The best way to stop Ringworm spreading is to make sure your child’s body is dry after sweating or washing which will help to prevent fungal growth. Also make sure any pets are treated if they have the infection too.
Ok so this is the big one that everybody’s terrified of, and they’ve every right to be, because it is a very serious life threatening condition. The key is to be aware of the main symptoms and if you even slightly suspect that your child is suffering from them then get it checked out immediately by a doctor.
I think you all know this one. Two year old, temperature, rash, irritable, bit drowsy, press on the rash and it doesn’t go away? Meningitis. Have any of you had experience of meningitis?
It’s probably one of the most frightening things you can ever, ever see. In this situation, child with a temperature, a rash that doesn’t blanche, what would you do?
Call for an ambulance.
Yes, 999, ambulance, blue light, go. And if in doubt, never try to diagnose it yourself, get help.

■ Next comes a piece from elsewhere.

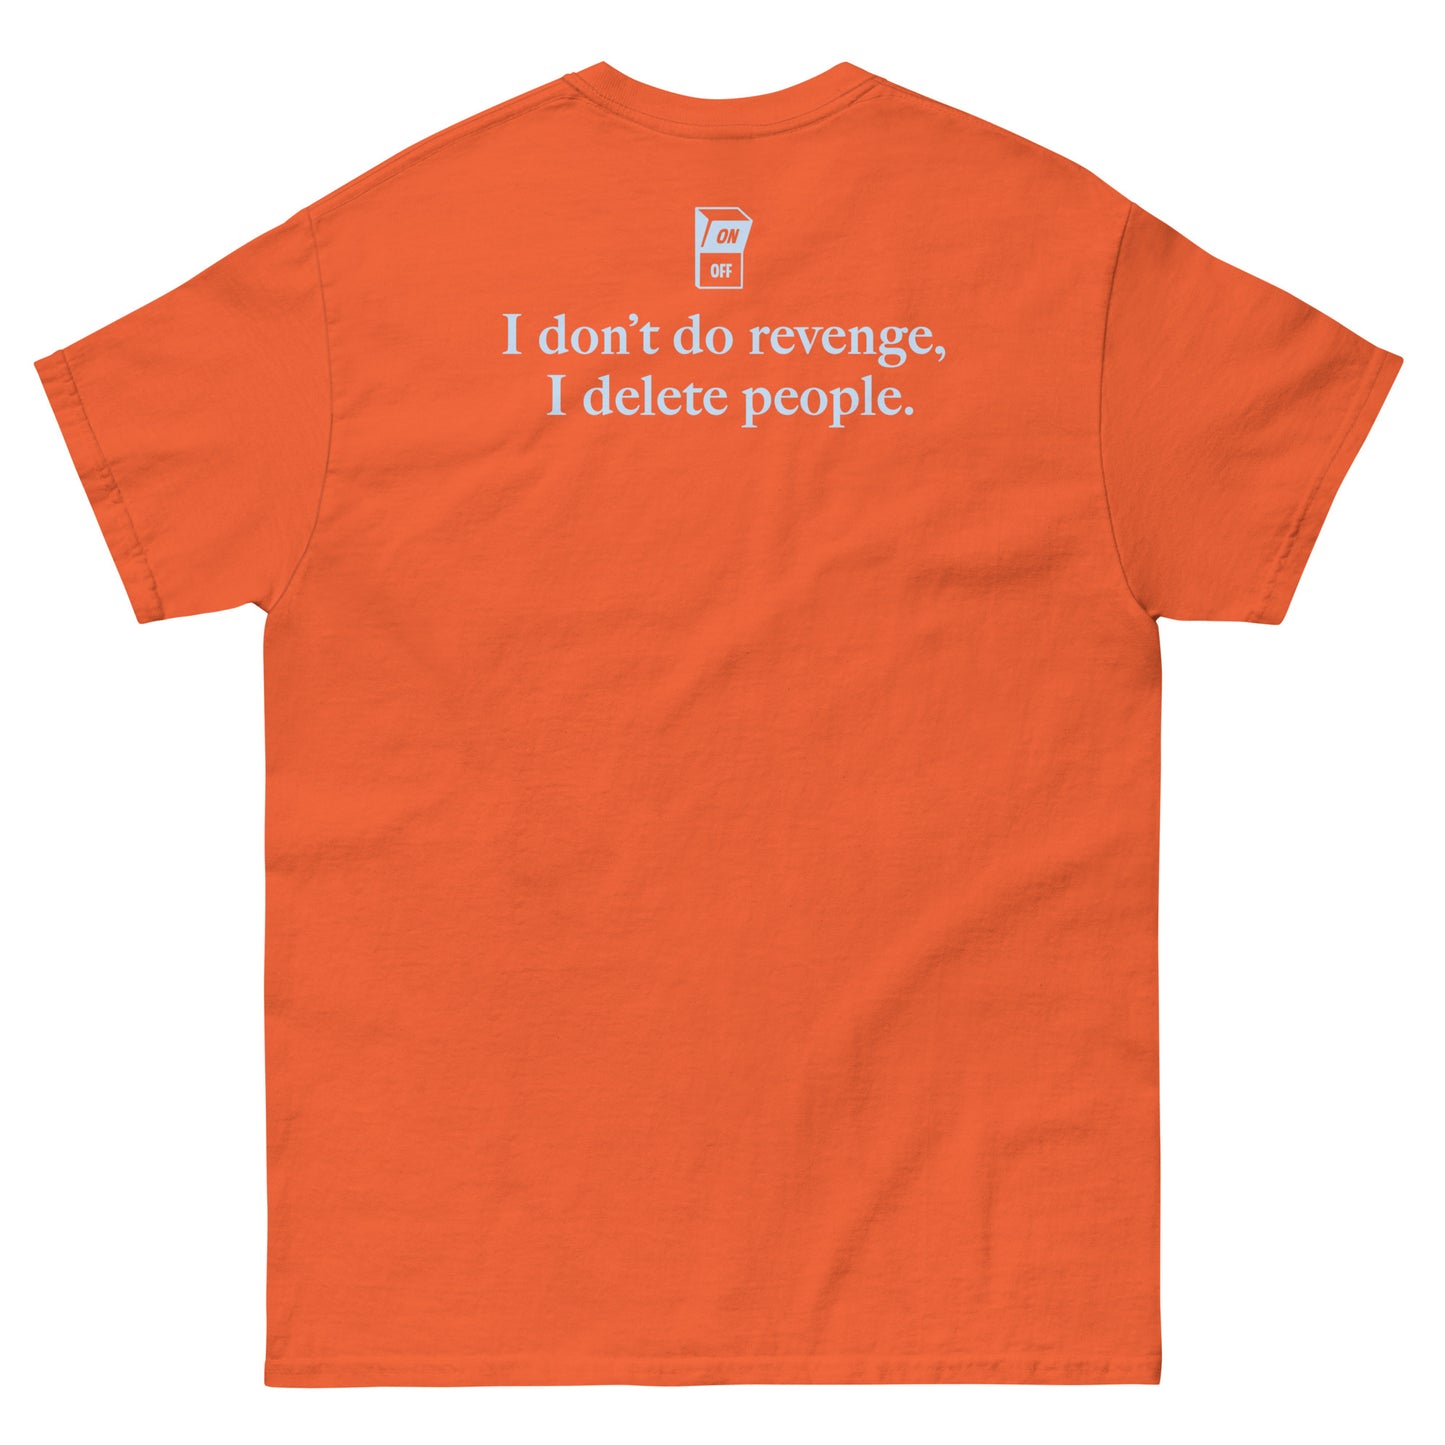 Orange High Quality Tee - Front Design with "I don't do revenge, I delete people. " print on left chest - Back Design with a Phrase "I don't do revenge, I delete people." print

Meningitis is a contagious viral or bacterial infection but the most common form is viral. Viral meningitis is much less severe and may be mistaken for flu. Bacterial meningitis is the more severe form and can be fatal unless treated. The main symptoms of bacterial meningitis are fever, light sensitivity, vomiting, severe headache, irritability and a stiff neck. It’s also accompanied by a rash which is blotchy and red and will not fade or change colour if a glass is pressed firmly onto it.
If you think your child is suffering from any of these symptoms call 999 immediately. Patients with bacterial meningitis must go into hospital and be given antibiotics.
Meningitis is contagious and is spread through close contact such as sneezing or coughing but it can’t be transmitted through breathing the same air. There are vaccinations for some strains of meningitis so ask your doctor about these.
If left untreated it can be fatal or can cause blood poisoning and brain damage. If caught in time it can be treated, although a quarter of sufferers may experience long term problems; including loss of limbs, hearing and sight, memory problems, learning difficulties and epilepsy.
The main thing is to watch your child’s skin for any changes. Rashes are common and in most cases they aren’t anything to worry about but it’s always worth getting them checked out by your GP.
From spots to patches, and in many different shapes and sizes, rashes take the topic for this video. Dr Christian explains how to diagnose and treat a range of rashes: slapped cheek syndrome, impetigo, meningitis and ringworm. To spread the word on infection, Dr Pixie heads to a primary school to talk to a classroom room of… parents! Asking them what rashes they may detect, and what their children have had, Dr Pixie talks us through the rashes impetigo and meningitis: what they look like, what causes them, and how they can be treated. In the clinic, Dr Christian gives some additional expert advice before going on to discuss slapped cheek syndrome and ringworm in greater detail: what they are, how you get them, what their symptoms are, how they can be treated, and how they can be prevented. Dr Christian advises that the main thing is to watch your child’s skin for any changes as some rashes, such as meningitis, can be life-threatening. If you notice a rash on your child, it’s always worth getting it checked by a GP.